10. The acoustic panel (100, 200, 300) as claimed in claim 1, wherein each of said at least two outer layers (102, 202, 302, 402) made of hard PET felt material has an air flow resistivity in a range of 25 kNs/m4 to 75 kNs/m4, and said at least one inner layer (104, 204, 304, 404) made of soft PET felt material has air flow resistivity in a range of 1 kNs/m4 to10 kNs/m4.

11. An acoustic panel (400) having multiple layers, said acoustic panel (400) comprising:
at least one first outer layer (402) having a first thickness t1;
at least one second outer layer (406) having a fourth thickness t4; and
at least one inner layer (404) disposed between said at least one first outer layer (402) and said at least one second outer layer (406), said at least one inner layer (404) having a second thickness t2,
wherein,
said at least one first outer layer (402) is made of a hard PET felt material;
said at least one second outer layer (406) is made of acoustic fabric material; and
said at least one inner layer (404) is made of a soft PET felt material having air flow resistivity lower than said hard PET felt material and acoustic fabric material.

12. The acoustic panel (400) as claimed in claim 11, wherein said first thickness t1 of said at least one outer layer (402) ranges from 3 mm to 25 mm, said second thickness t2 of said at least one inner layer (404) ranges from 10 mm to 100 mm, and said fourth thickness t4 of said at least one second outer layer (406) ranges from 0.5 mm to 2 mm.

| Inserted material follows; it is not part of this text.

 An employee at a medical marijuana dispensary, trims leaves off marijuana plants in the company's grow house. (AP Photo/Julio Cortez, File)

13. The acoustic panel (400) as claimed in claim 12, wherein said at least one first outer layer (402) has a GSM ranging from 500 gm/m2 to 3500, gm/m2 said at least one inner layer (404) has a GSM ranging from 400 gm/m2 to 1600 gm/m2, and said at least one second outer layer (406) has a GSM ranging from 70 gm/m2 to 600 gm/m2

14. The acoustic panel (400) as claimed in claim 11, wherein each of said at least one first outer layer (402), at least one second outer layer (406), and at least one inner layer (404) are joined together to form a laminate.

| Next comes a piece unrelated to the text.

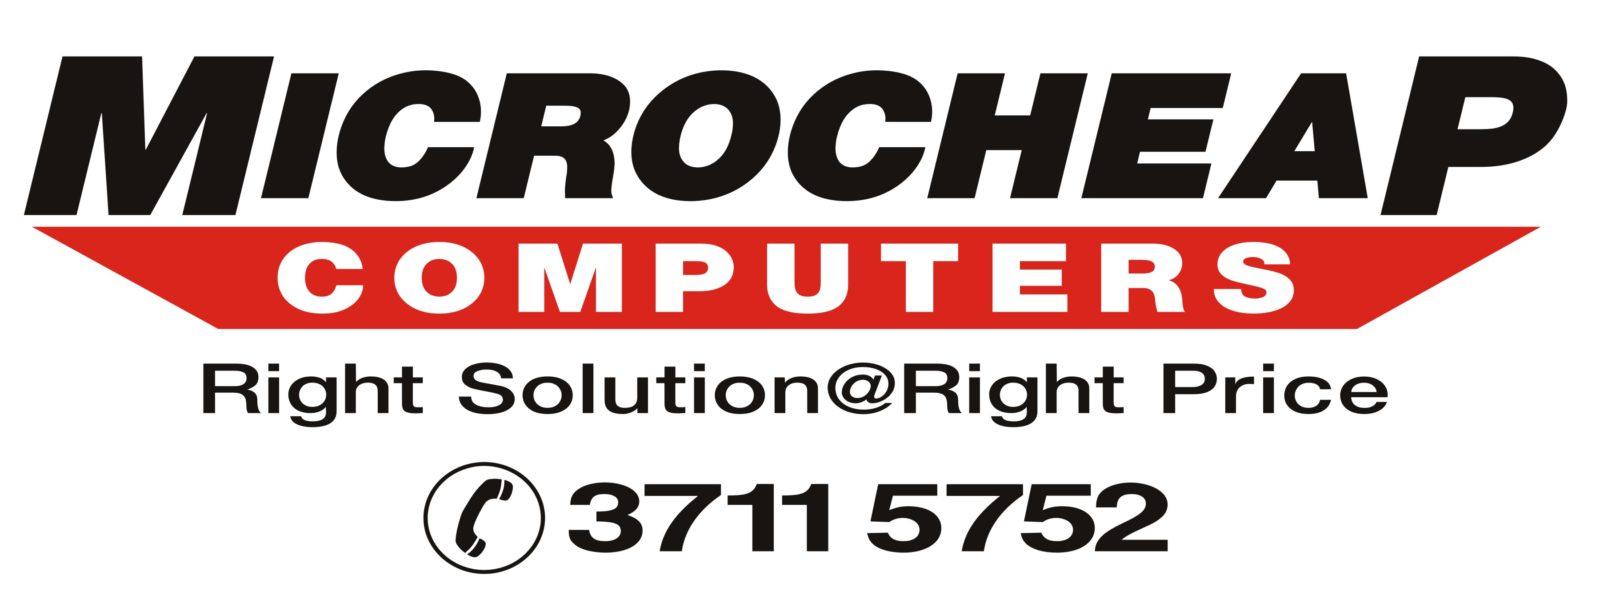 Microcheap Computers

15. The acoustic panel (400) as claimed in claim 11, wherein said at least one first outer layer (402) made of hard PET felt material in combination with said at least one inner layer (404) made of soft PET felt material is configured to have a sound absorption coefficient ranging from 0.50 to 0.69, and said at least one second outer layer (406) in combination with said at least one inner layer (404) is configured to have a sound absorption coefficient ranging from 0.30 to 0.65.

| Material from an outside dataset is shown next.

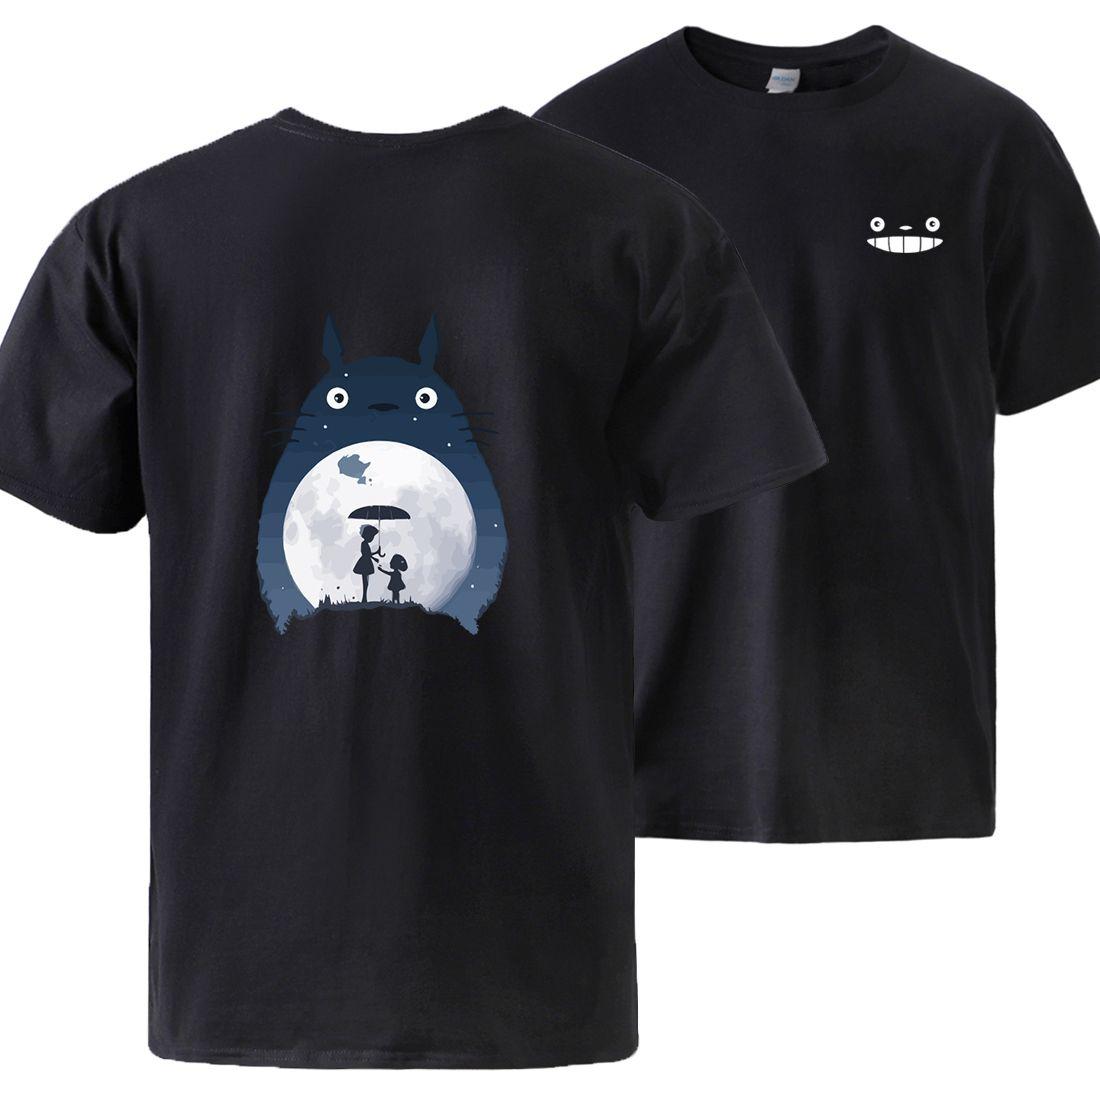 Totoro Cartoon Kurzarmshirts Cotton Print Sommer-T-Shirt 2020 Mann Marken-Qualitäts-Japan Anime-Druck-T-Shirts Top-lose T

16. The acoustic panel (400) as claimed in claim 11, wherein said at least one first outer layer (402) has an air flow resistivity in a range of 25 kNs/m4 to 75 kNs/m4, said at least one inner layer (404) made of soft PET felt material has air flow resistivity in a range of 1 kNs/m4 to10 kNs/m4, and said at least one second outer layer (406) made of acoustic fabric has air flow resistivity ranging from 500 kNs/m4 to 700 kNs/m4.